Though he fights Dustin Poirier in Dallas on Saturday night at UFC 211, Eddie Alvarez will probably spend more time this week answering questions about Conor McGregor, the man who relieved him of the UFC lightweight title in brutal fashion last November, than about his upcoming opponent.

For a fighter trying to move on from defeat and focus on the future, the media can be a real pain.

However, these questions have to be asked. After all, they form a big part of the key story line heading into this fight. We all want to know if and how Alvarez has rebounded psychologically from that damaging defeat.

Luckily, the veteran is dealing with the already persistent inquiries rather well and seems to be at peace with the events of UFC 205.

Speaking to Luke Thomas on the journalist’s eponymous radio show recently, the Philadelphia did admit that it had taken him some time to move on, but added that he is back to enjoying his work.

“Climbing back from the Nov. 5th fight was difficult. I’d be lying if I told you, ‘Oh I just bounced right back off the mat.’ I needed some serious dusting off. I needed to forgive myself. I’m my own worst critic so I was very disappointed and pissed off at myself about Madison Square Garden,” Alvarez said.

“I sat around longer than what I would’ve like to. I would’ve like to just bounce back and just get over it already but it was difficult. It was difficult for me. I put a lot into this so it was difficult but we’re over it and I’m having a great time with training and enjoying myself(via MMAFighting).”

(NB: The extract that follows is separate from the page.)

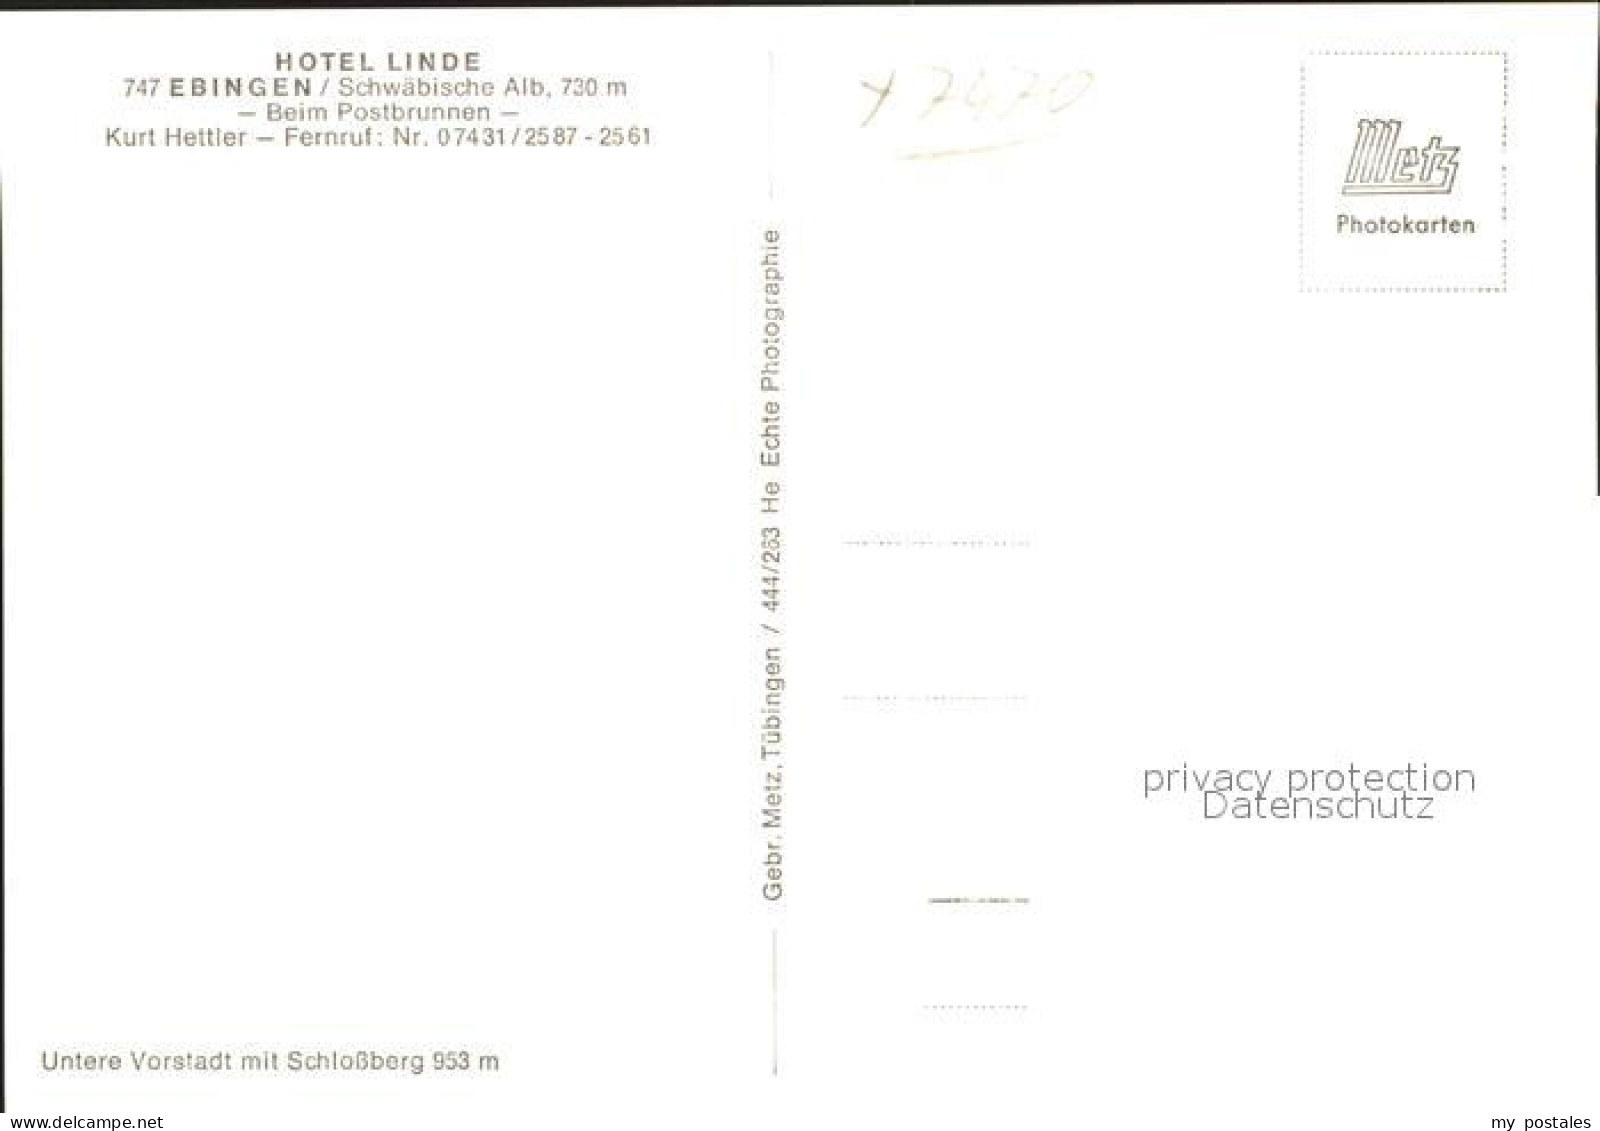 41760793 Ebingen Hote Linde Fachwerkhaeuser Bei Postbrunnen Ebingen - Albstadt

While he indicated that the recovery process has involved some analysis of the fight, Alvarez also said he has resisted over-analysis and refused to dwell too much on the painful past.

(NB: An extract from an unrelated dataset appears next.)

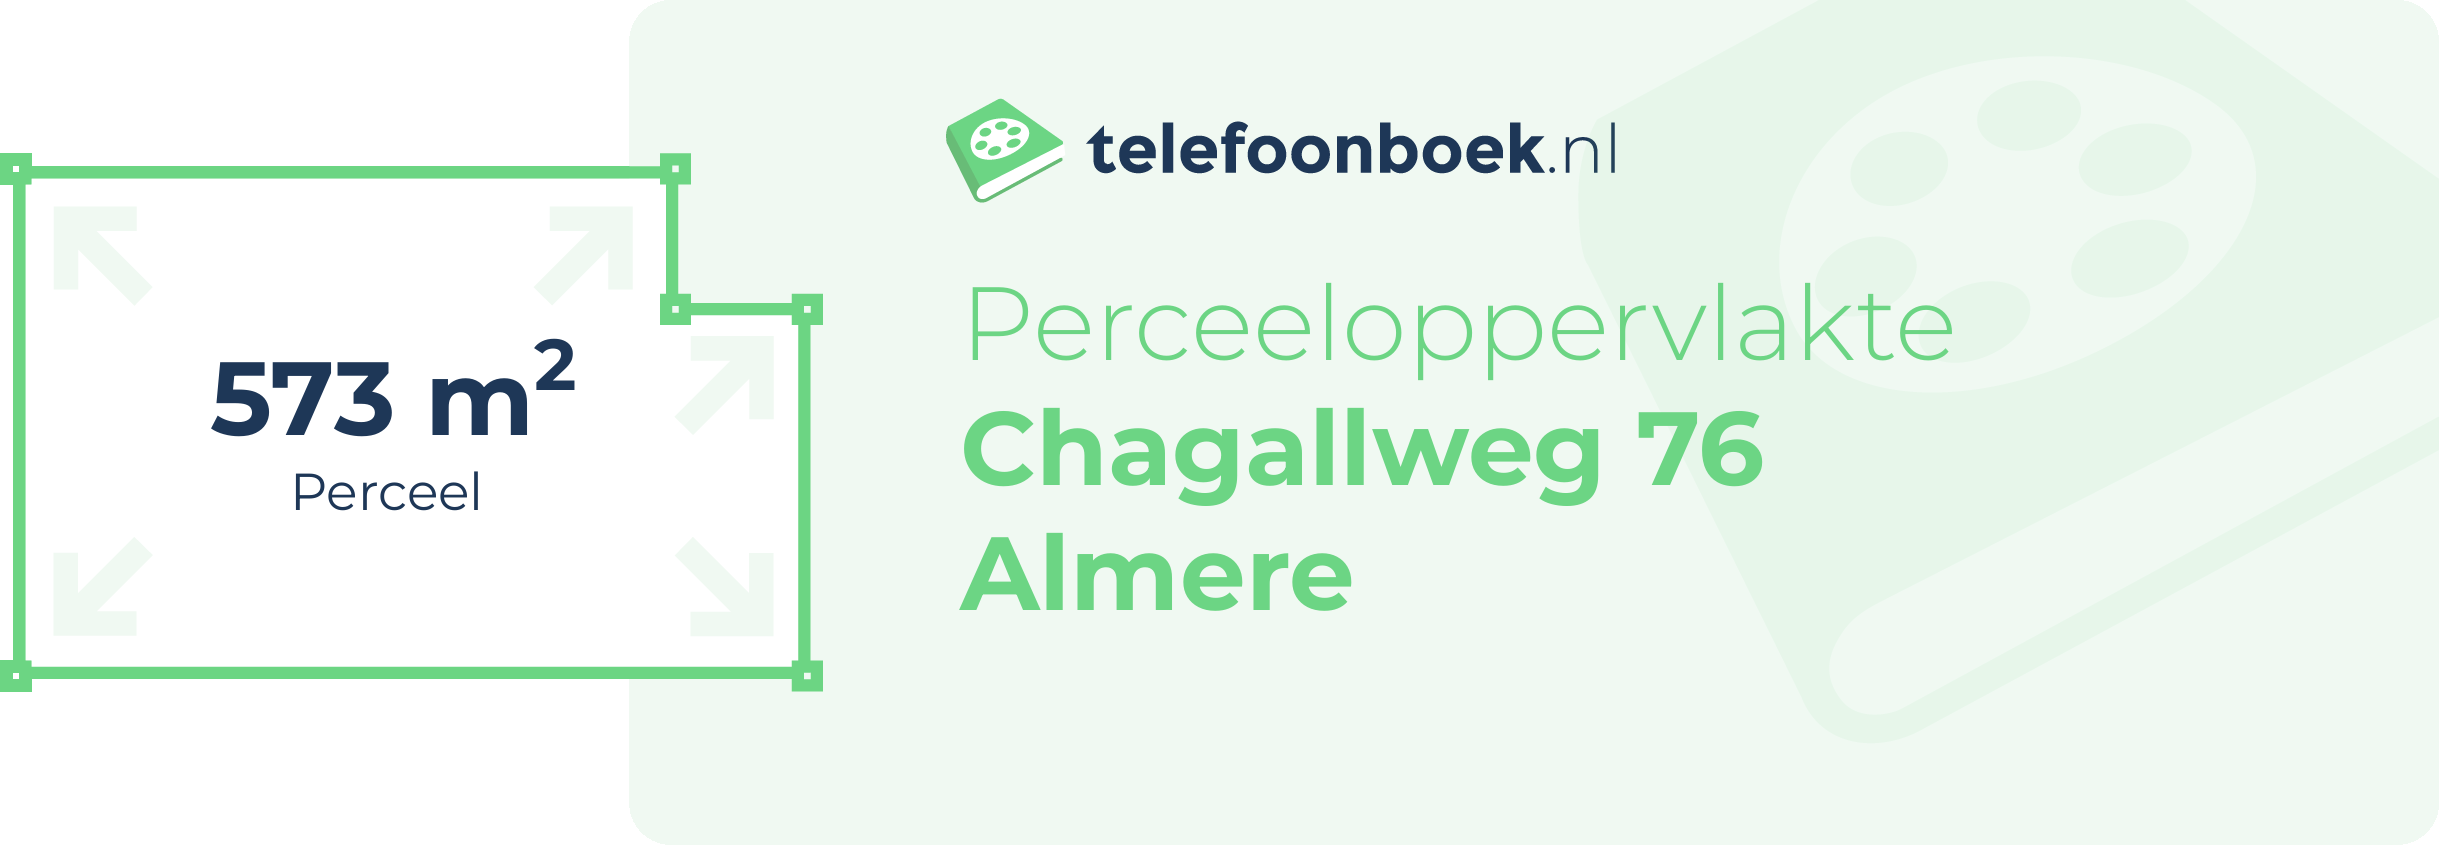 Perceeloppervlakte Chagallweg 76 Almere

“I got punched pretty hard one minute into the fight. There is nothing to make sense of,” said Alvarez. “I think, a lot of people, fans and media, try to make sense of this whole thing. Like, ‘Let’s break it down’. There is nothing. It would be the same as…a guy is living a great life, he walks across the street and gets hit by a bus. Now, let’s make sense of that, let’s break that down. Why did he get hit by the bus? It’s foolish, he got hit by a bus. That’s it, it’s over.

Alvarez collapses to the deck at UFC 205.

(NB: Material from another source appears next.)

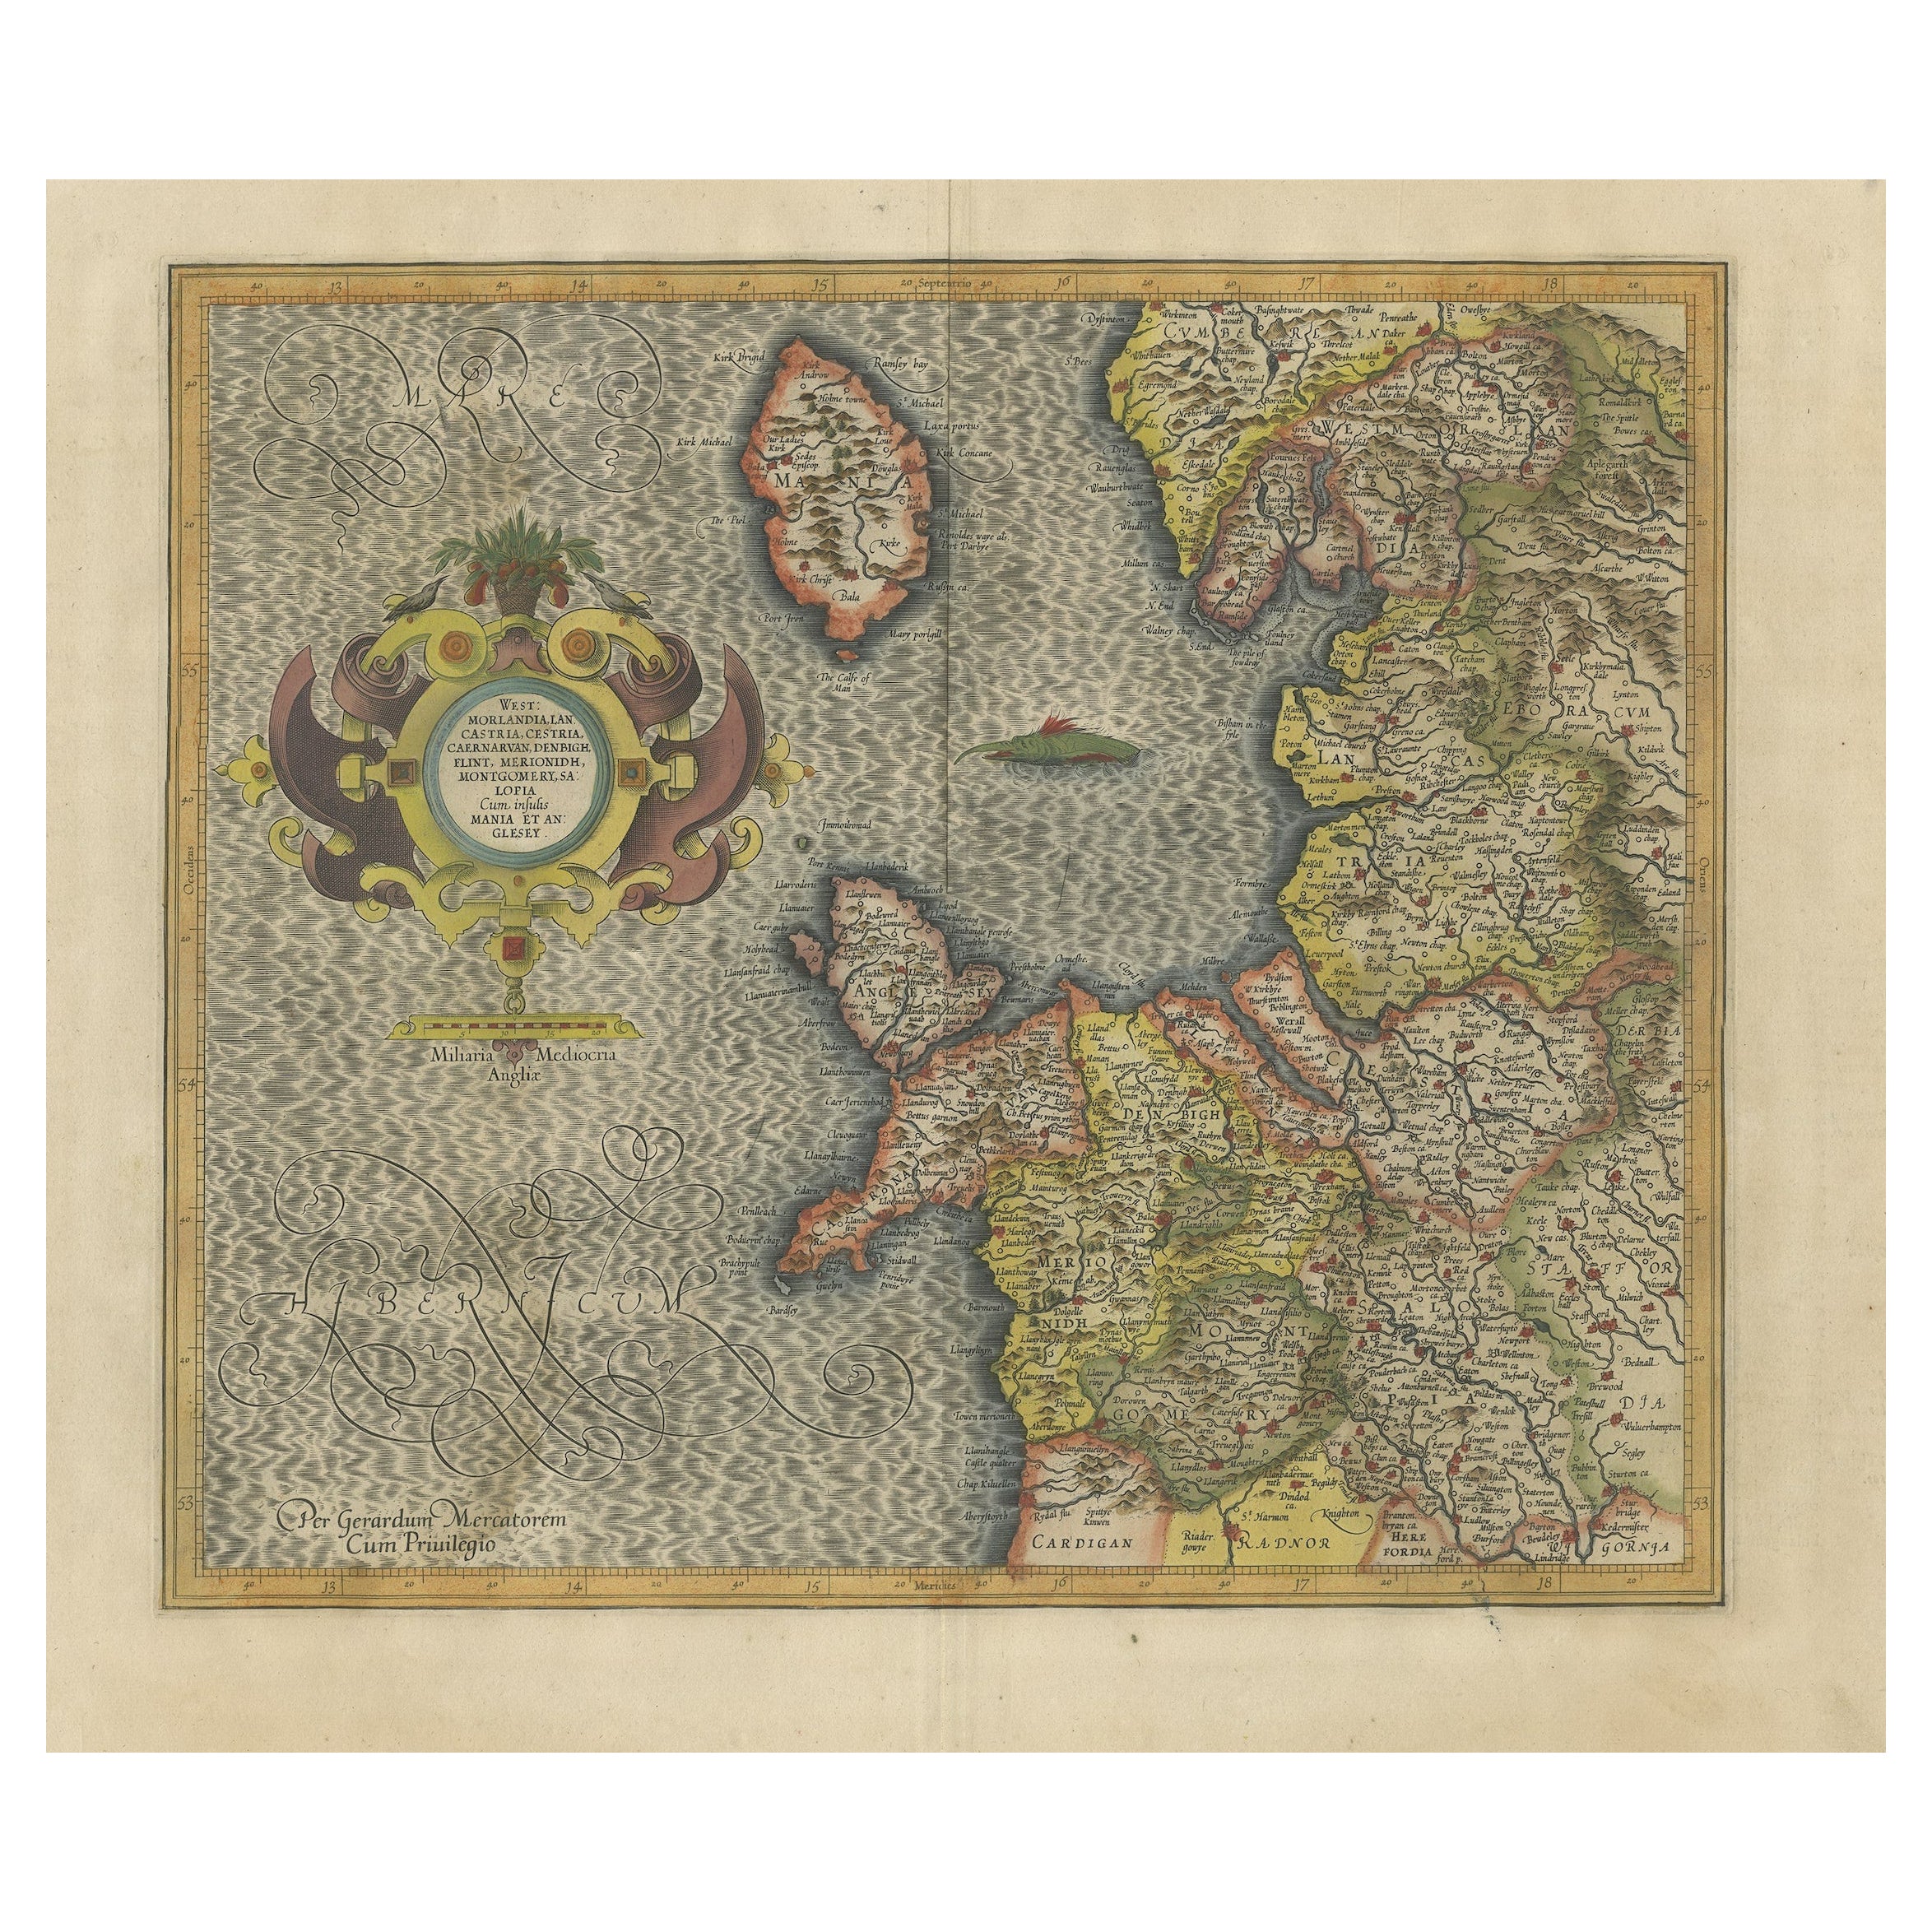 Carte ancienne d'Angleterre par Mercator/Hondius, datant d'environ 1600

“So, for me, it took some reconciling with myself and trying not to make it too difficult. Just saying, ‘Hey, you got hit with a punch and you made a lot mistakes after that and you paid for it.’ Bottom line. Don’t make it any more difficult or confuse it anymore than what it is.

“[My head coach Mark Henry and I] don’t really talk too much about the past. It’s pretty much over with. There isn’t too much more we can learn. Like I said, I’m super critical, so I’ve already dissected it a thousand times and figured out what I can do right, in changing form and changing some things. So, there is not much more to talk about. “

Alvarez was thoroughly dominated by McGregor, who consistently hurt him with left hands and dropped him on three separate occasions before the referee called a halt to the slaughter just after the three-minute mark of the second-round. So in control was the Irishman throughout, that he often showboated with his hands behind his back.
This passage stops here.